Anonymous 0 Comments

In short: Weaponized Autism..

In some cases it is aided by specialized computer programs that look for flaws, but in nearly all cases it is smart people who are maddingly focused on things that aren’t right – and computer programs and logic aren’t ever ‘right’ (in truth 95% of all exploits are just variations on a common flawed concepts in how developers code and how people actually apply logic). There is also a dash of just wanting to know how things really work.

Source: my prior life running exploit development teams.

Anonymous 0 Comments

Time. Speaking from personal experience all you need is time and will, Russian, Chinese etc. hackers have plenty of both. The digital world is a complicated place and there are a lot of potential exploits – the whitehat has to cover them all, whereas the blackhat only needs to find one. But honestly most hacks are not actually that difficult, people just leave doors open either out of laziness or ignorance. I can’t even count the times I have been at major companies and I asked “Are you really doing this? You know it can be exploited by a semi intelligent teenager.” Yet it didn’t change. They always close the barn door after the horse gets out.

Anonymous 0 Comments

Usually they aren’t complicated.

Think of a house. It has 2 formal doors to get in or out. There are windows. There might be a secret basement that you get to from the backyard. But how do you get into the house? You could just be invited in. You could falsify a profession that gets you in. You could observe, notice they throw huge parties where no one can possibly know everyone, and you act like you’re someone’s friend in there.
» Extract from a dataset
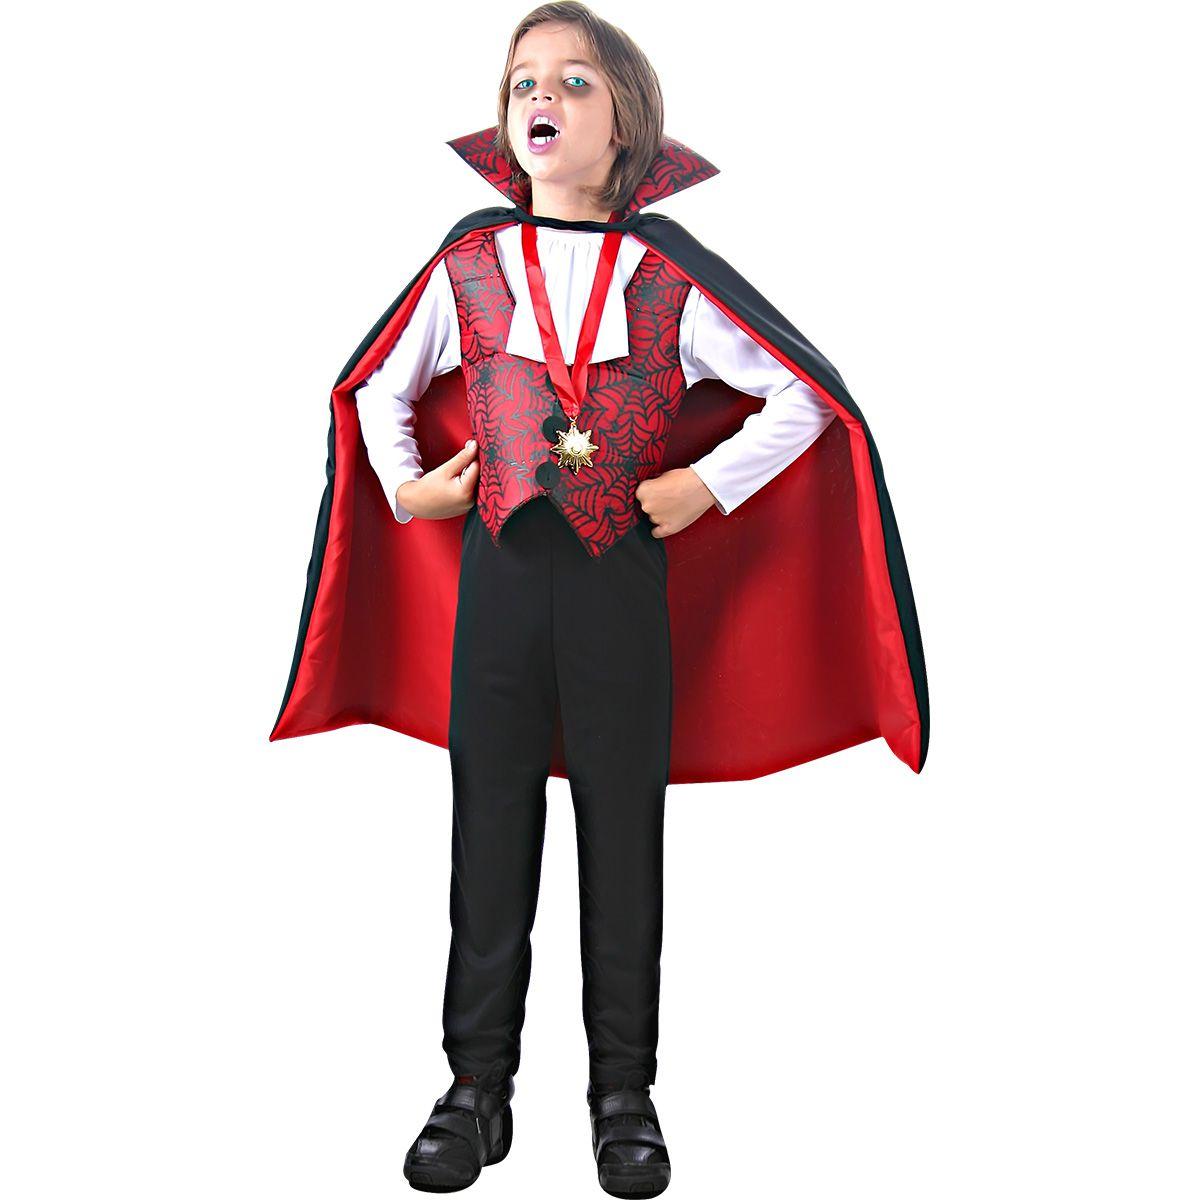 Fantasia Conde Drácula com Medalha

Now for the seemingly more complicated stuff: imagine someone has a huge house that they keep building and improving. They probably use blueprints for different parts of it. Now there are soooooo many doors and windows you could get in through. You could probably buy or even just find out common weakpoints in such a cookie cutter house online. At that point you’d just need to research all of them and try all of them.

…Or just go the easy route and have someone invite you in.

Anonymous 0 Comments

Looking for the weakest link and going from there. Whether that link be fooling a naive person or a poor decision made when creating the security system.

Anonymous 0 Comments

1. They’re smart. They understand the possible weak points of the system. 2. They stumbled upon it. 3. A developer told them 9f a possible exploit.

Anonymous 0 Comments

I’ve worked in IT for almost a decade.

I started learning about computers by breaking, them, taking them apart and eventually hacking them. A computer is a complicated device. Someone figured out how to take a bunch of electrons and convert that into binary which converts into code which runs programs to do complicated things.

By tinkering around with the software and hardware, I learned how to make the computer do or say something via a pop-up to another computer. Eventually I learned about how a computer was connected to other computers and how I can access those through my computer. Eventually you want to find what someone is hiding on a computer even though they don’t want you to see it because its password encrypted.

That’s all that hacking is. Rebellious curiosity.

The kinds of exploit you are talking about are only complicated because you don’t know or understand how computers work but once you get a general idea, you start to see the faults and learn to focus on those.

Anonymous 0 Comments

Because they spend years learning how to code, and how to code correctly. There is no way to keep data 100 percent secure, no password, no matter how long and complicated that can’t be brute forced with enough computing power. Basically, if you know how to code, how that code is read, and how it makes the processor process it and execute what the code says, you can do anything within reason. Because a computer is going to do what it is told, if it is told the right way, every time.

Anonymous 0 Comments

I’m not a hacker by any means. I’m not a programmer. But I can find exploits easy. I’m not going to give out my secrets on finding anything. But I don’t find computer exploits. I find business/human exploits.

But look for the obvious things first. Then check the even more obvious. Then check what has changed from last version to the version they are running. Then study other factors. Study hard. You’ll find a way in.

Anonymous 0 Comments

How bout those dumb games on Facebook, name your favorite place? Are you old enough to remember this? Etc. They are all bots farming your data and AI putting together a profile on you.

Anonymous 0 Comments

The best way to look at the exploit process is to look at examples.

A couple of great books to read (I did the audio books) for how the end to end exploit process works in some real world examples are Sandstorm (First state sponsored (allegedly Russia) cyber attack on civilian infrastructure (Ukrainian power plants), countdown to zero day (Stuxnet – attack of Iranian centrifuges and first state sponsored attack crossing boundaries from cyber world to the physical world). Another great audio book on a 50k foot view on the history of espionage that puts a lot of global events into context is Cyberspies by Gordon Corera.